To understand what feature engineering is, we must start by understanding the nature of machine learning. In essence, a machine learning model takes in a group of data points, each with their respective features (columns of data), and either returns a prediction for a target value or finds relations between variables in the absence of a target value (e.g. clustering). The former is called supervised machine learning and the latter is called unsupervised machine learning (not to be confused with AI robots taking over the world due to a lack of oversight). For our purposes, we will be using feature engineering to maximize prediction power and thus will be focusing on supervised learning. If this description felt abstract, let’s take a more concrete look at an actual data set involving supervised learning.
One of the most common supervised machine learning tasks is to predict the survival of individuals from the unfortunate Titanic disaster given data for most passengers (Sex, Age, Class, etc). The Titanic Data Set Competition is also one of the most popular novice Kaggle competitions, and it is especially helpful to learn how to implement feature engineering.

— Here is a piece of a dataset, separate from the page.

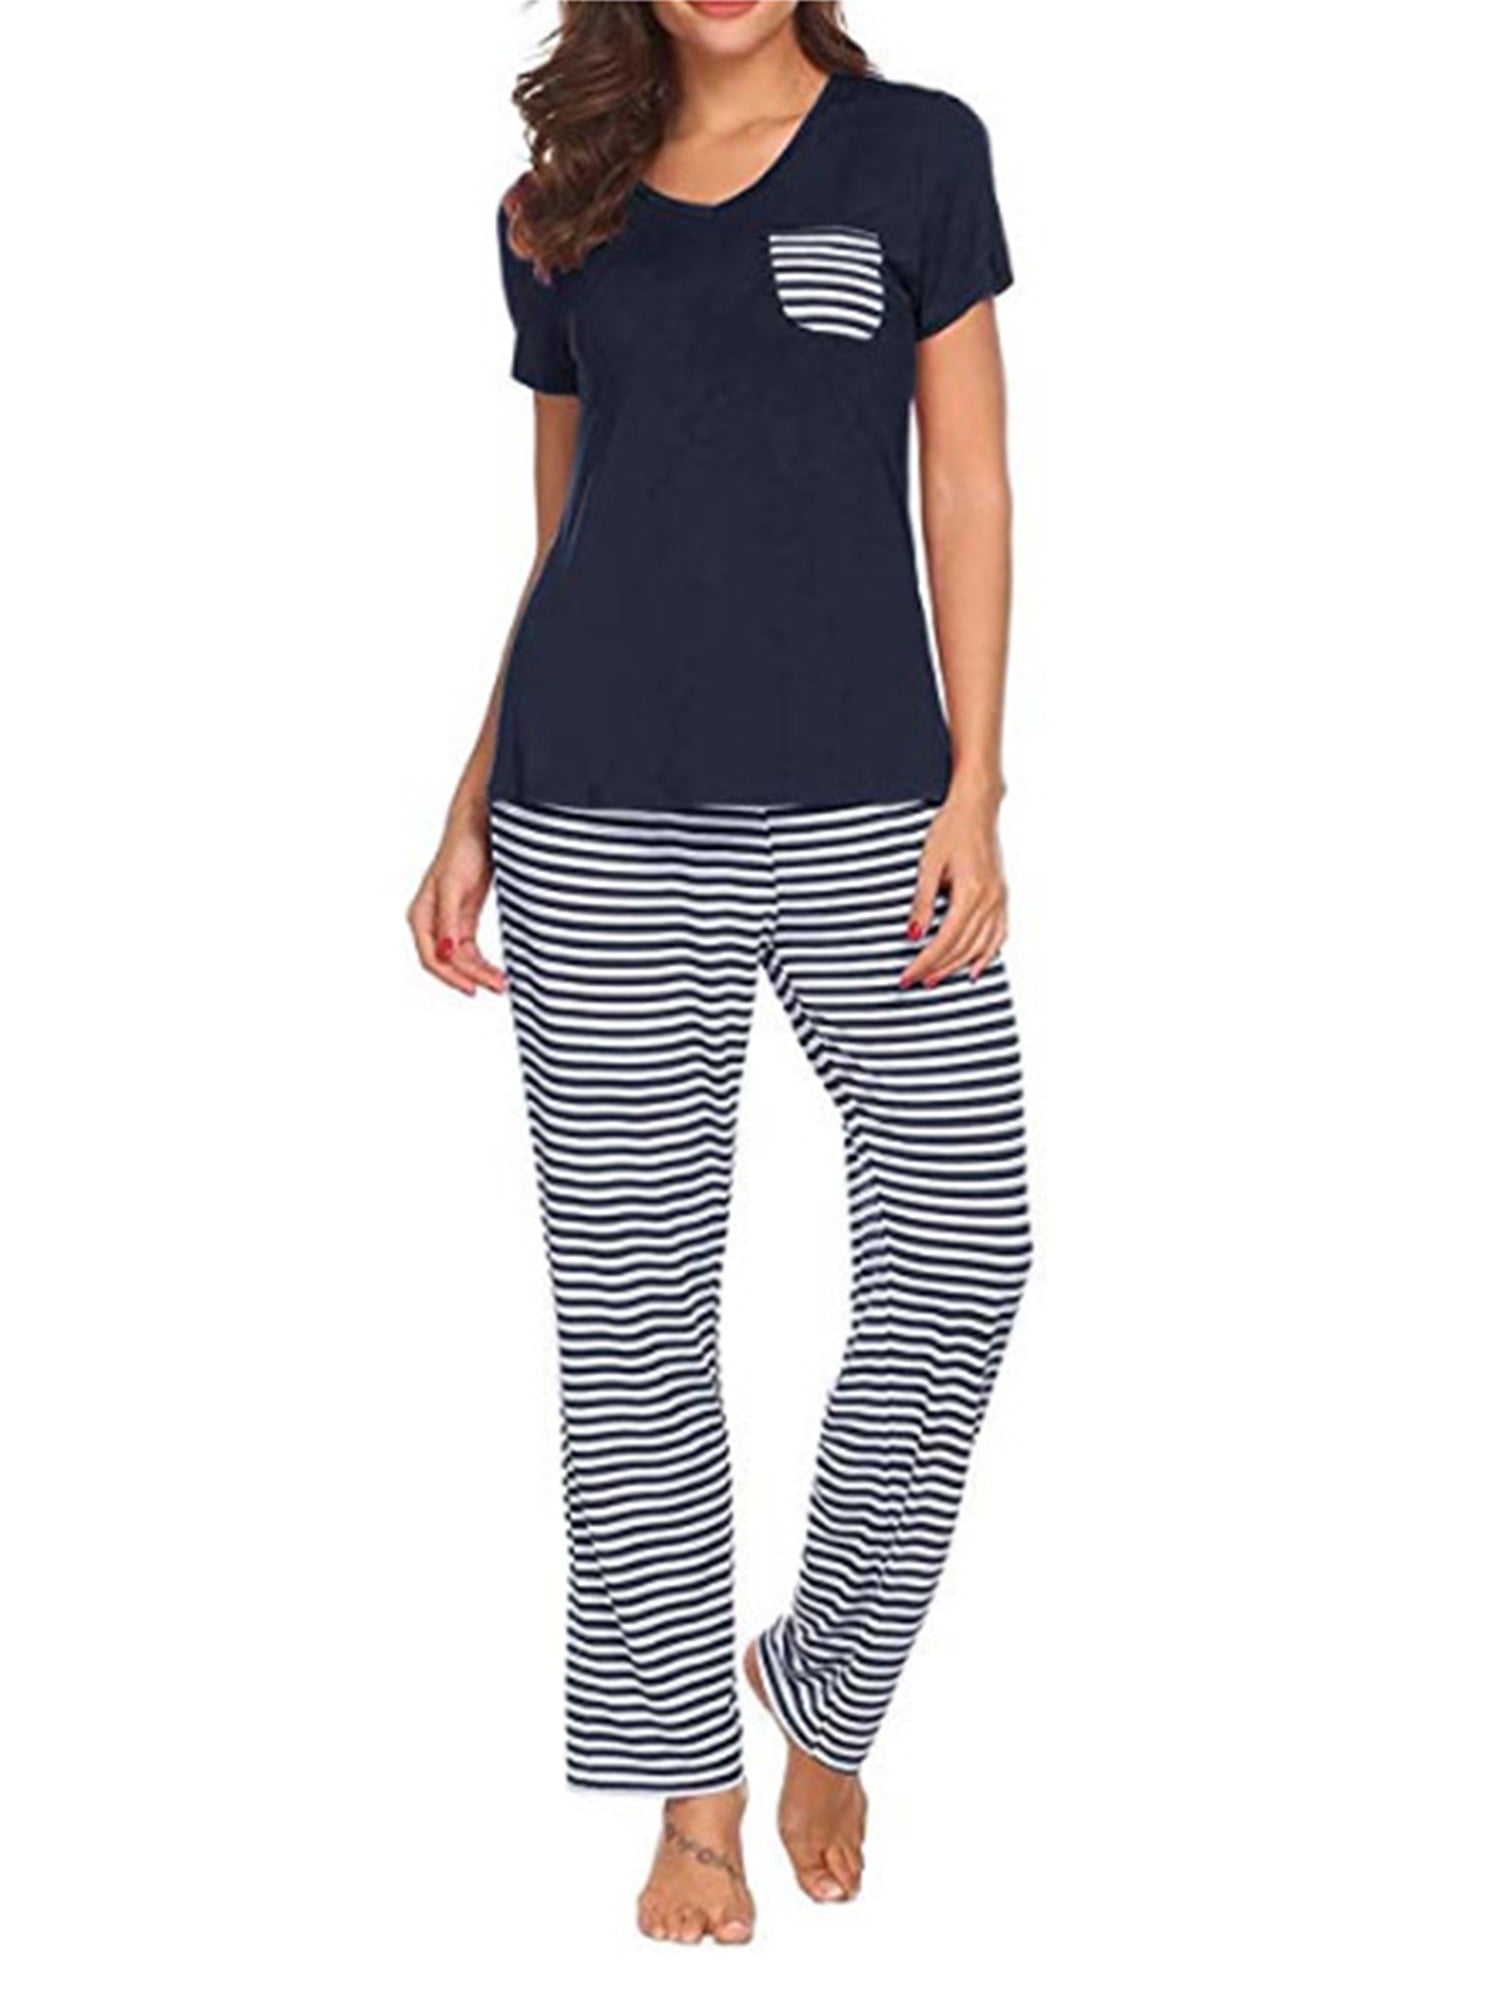 Women’s Pajama Set Sleepwear Tops with Capri Pants Casual and Fun Prints Pajama Sets

Using Pandas’ .head() function in Python, we can examine the first five data points and gain a better understanding of the data:
We can consider each column of data (“PassengerId”, “Pclass”, etc.) to be a feature. Our goal is to create a machine learning model that can predict the “Survived” value when presented with an individual who the model has not seen before using that individual’s features. These potential machine learning models (logistic regression, decision trees, neural networks, etc.) are too numerous to fully list. However, all of them benefit from feature engineering.
Feature engineering is the process of extracting additional data from our current data or simply altering our current data to make it easier for our model to find relationships that help with predicting a target value (like “Survived” in the case of the Titanic example). Not every model will be able to find these relationships immediately, so feature engineering makes them explicit.
Here’s a simple analogy: a student named Timmy, analogous to a supervised machine learning model, has spent the last few weeks studying for a math test so that he can answer questions correctly. Feature engineering, in this case, might involve changing his studying environment such that he can learn the material more effectively. This might involve translating his study materials to his native language, replacing any missing notes, or making him focus only on important theorems.
In the case of the Titanic data set, we can make it easier for our model(s) to learn by making numerous changes to our initial data. In this post, we’ll be covering language processing, data combination, binning, imputation, and dimensionality reduction.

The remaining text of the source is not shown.